Lots of work... Fortunately numpy
can do the heavy lifting for us...
# note the transpose...
print(np.cov(X.T))
[[ 2.99063334e+01 -2.46209134e+00 5.00581949e+01 2.59562330e+03] [-2.46209134e+00 3.87788831e+00 -1.59472485e+01 -7.48456122e+02] [ 5.00581949e+01 -1.59472485e+01 1.96441677e+02 9.85219165e+03] [ 2.59562330e+03 -7.48456122e+02 9.85219165e+03 6.48372488e+05]]
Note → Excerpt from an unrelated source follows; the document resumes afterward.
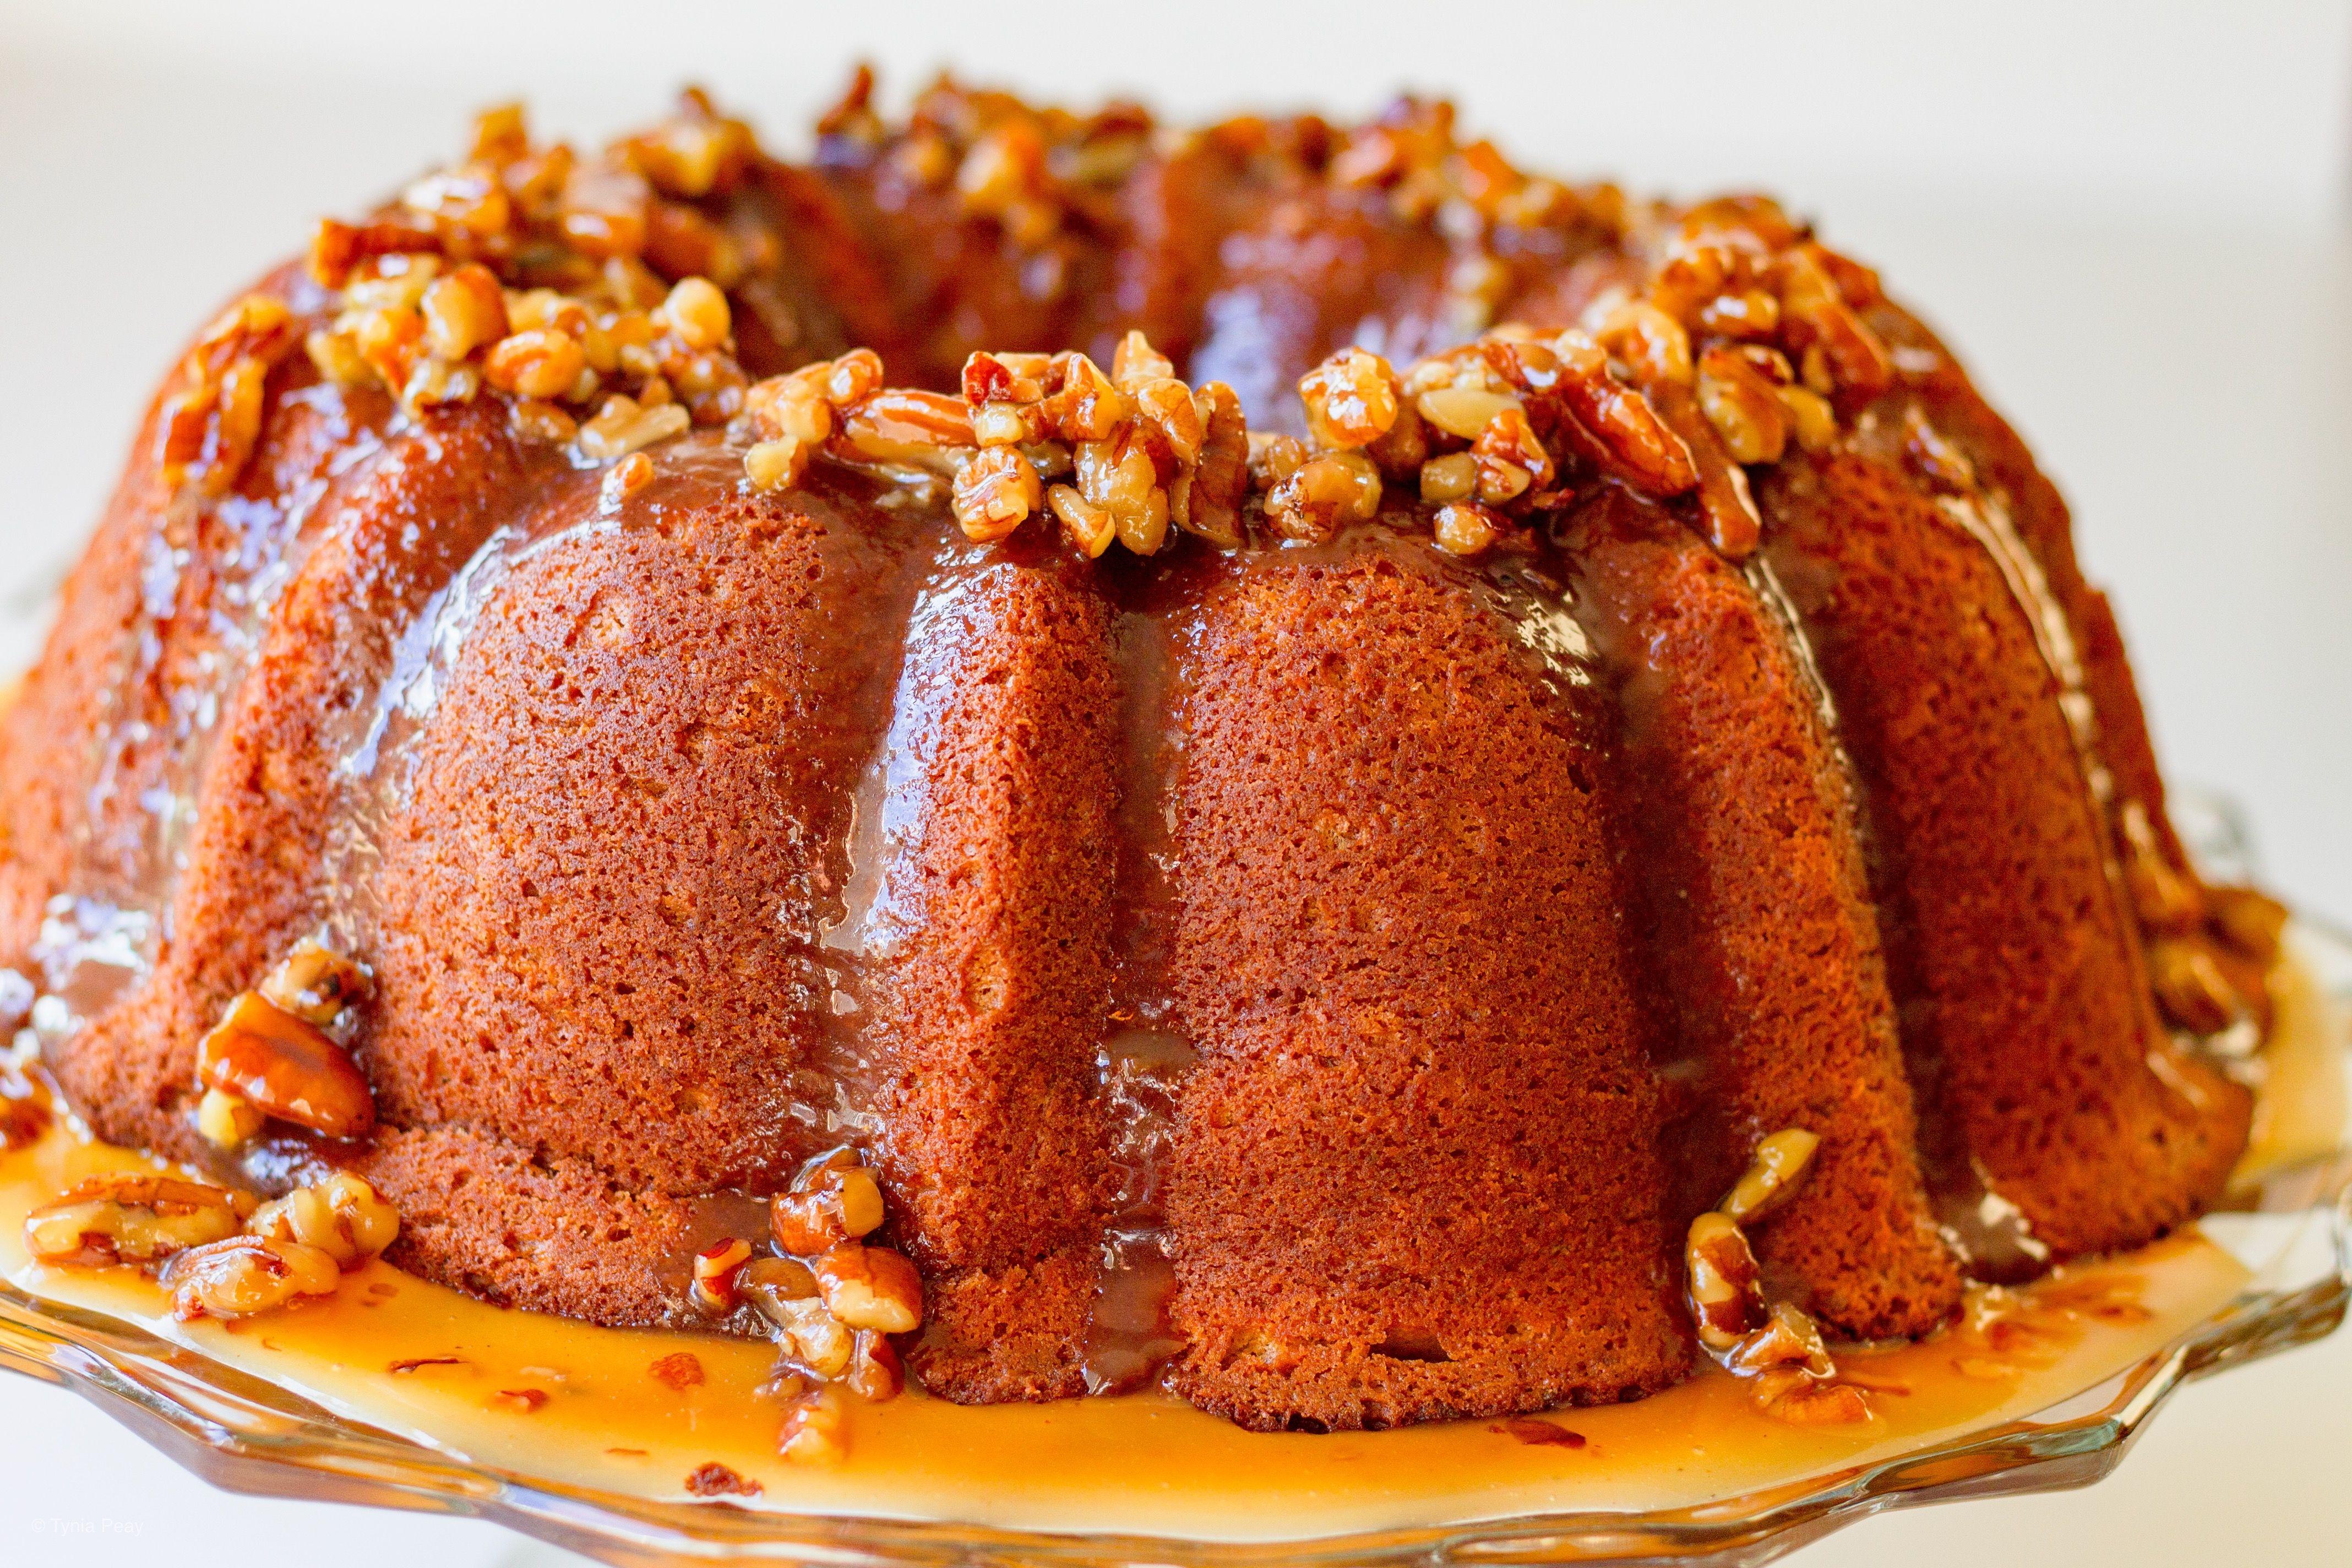 Ty S Sweet Potato Sour Cream Pound Cake Recipe Sour Cream Pound Cake Sweet Potato Pound Cake Sweet Potato Cake

We can see that in the third column, second row we have $\mathrm{Cov}(X_1,X_2) = -15.94724845\ldots$ as expected.
But, the pandas
library that gives us the data frames has already
thought of ...
... both covariance and correlation, like this:
dfp.cov()
bill_length_mm | bill_depth_mm | flipper_length_mm | body_mass_g | |
---|---|---|---|---|
bill_length_mm | 29.906333 | -2.462091 | 50.058195 | 2595.623304 |
bill_depth_mm | -2.462091 | 3.877888 | -15.947248 | -748.456122 |
flipper_length_mm | 50.058195 | -15.947248 | 196.441677 | 9852.191649 |
body_mass_g | 2595.623304 | -748.456122 | 9852.191649 | 648372.487699 |
dfp.corr()
bill_length_mm | bill_depth_mm | flipper_length_mm | body_mass_g | |
---|---|---|---|---|
bill_length_mm | 1.000000 | -0.228626 | 0.653096 | 0.589451 |
bill_depth_mm | -0.228626 | 1.000000 | -0.577792 | -0.472016 |
flipper_length_mm | 0.653096 | -0.577792 | 1.000000 | 0.872979 |
body_mass_g | 0.589451 | -0.472016 | 0.872979 | 1.000000 |
THINK ABOUT: do you need both
flipper_length_mm
andbody_mass_g
in your analysis?
We covered just enough, to make progress at pace. We looked at
python
tools.Now we can start putting all of this material to work.